Puranic encyclopaedia

by Vettam Mani | 1975 | 609,556 words | ISBN-10: 0842608222

This page describes the Story of Ekata included the Puranic encyclopaedia by Vettam Mani that was translated into English in 1975. The Puranas have for centuries profoundly influenced Indian life and Culture and are defined by their characteristic features (panca-lakshana, literally, ‘the five characteristics of a Purana’).

Story of Ekata

General information.

An ancient sage. He was the son of the Maharṣi Gautama. He had two brothers, Dvita and Trita.

How Ekata became a wolf by a curse.

There is a story of how Ekata and Dvita duped Trita in the Mahābhārata. When Gautama died Trita became the chief of the three. Dvita and Ekata did not like this. Once all the three were passing by a forest with a herd of cows for a yāga. Trita was walking ahead and the other two were following him with the cows. At a strategic point on the way the brothers carried away the cows by a separate route without the knowledge of Trita. When Trita came to know of the loss he was greatly distressed. On reaching the shores of the river Sarasvatī, he was frightened by a wolf and running to escape from the animal fell into a dilapidated well. He performed a yāga from where he lay. Assuming a creeper inside the well to be Somalatā, Trita recited the Ṛks and the devas responded to his prayer. Devas like Bṛhaspati graciously appeared before him and asked him to demand a boon from them. Trita replied that his desire was to worship the gods standing on the waves of the river Sarasvatī. Accordingly the river was made to flow that way and standing on the waves Trita worshipped the gods. After that he went home and cursed his brothers and made Ekata and Dvita into wolves.

Other details.

i) Ekata was a sage much banked on by the people of western Bhārata. (Śloka 31, Chapter 208, Śānti Parva).

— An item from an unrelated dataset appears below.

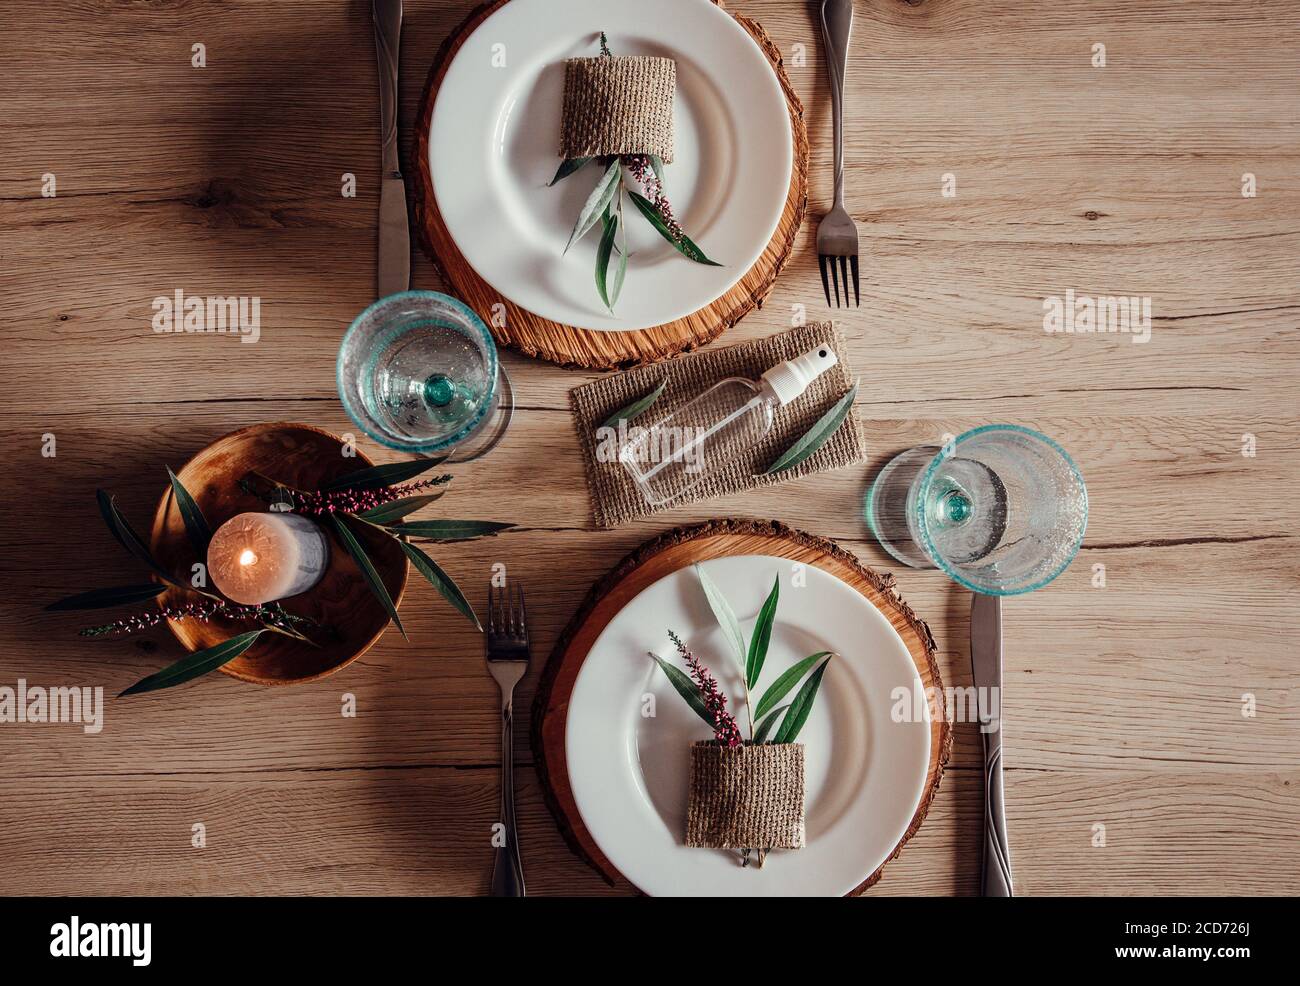 Restaurant table set with hand sanitizer bottle in center. White plates with leaf and heather flower decoration.Virus spreading prevention. Stock Photo

ii) Ekata attended a yajña conducted by Uparicaravasu (Chapter 336, Śānti Parva).

iii) Ekata accompanied by Dvita and Trita once went to Śvetadvīpa to visit Nārāyaṇa. (Śloka 12, Chapter 39, Śānti Parva).

iv) Ekata and his two brothers were among the sages who visited Bhīṣma while he was lying on his bed of arrows. (Śloka 7, Chapter 26, Anuśāsana Parva, Mahābhārata)

v) All these three sages lived on the west coast as Ṛtviks of Varuṇa. (Chapter 15, Anuśāsana Parva, Mahābhārata).

vi) Sūkta 150 in Maṇḍala 1 of Ṛgveda contains the eulogistic songs of Trita, one among the trio. (See under Trita).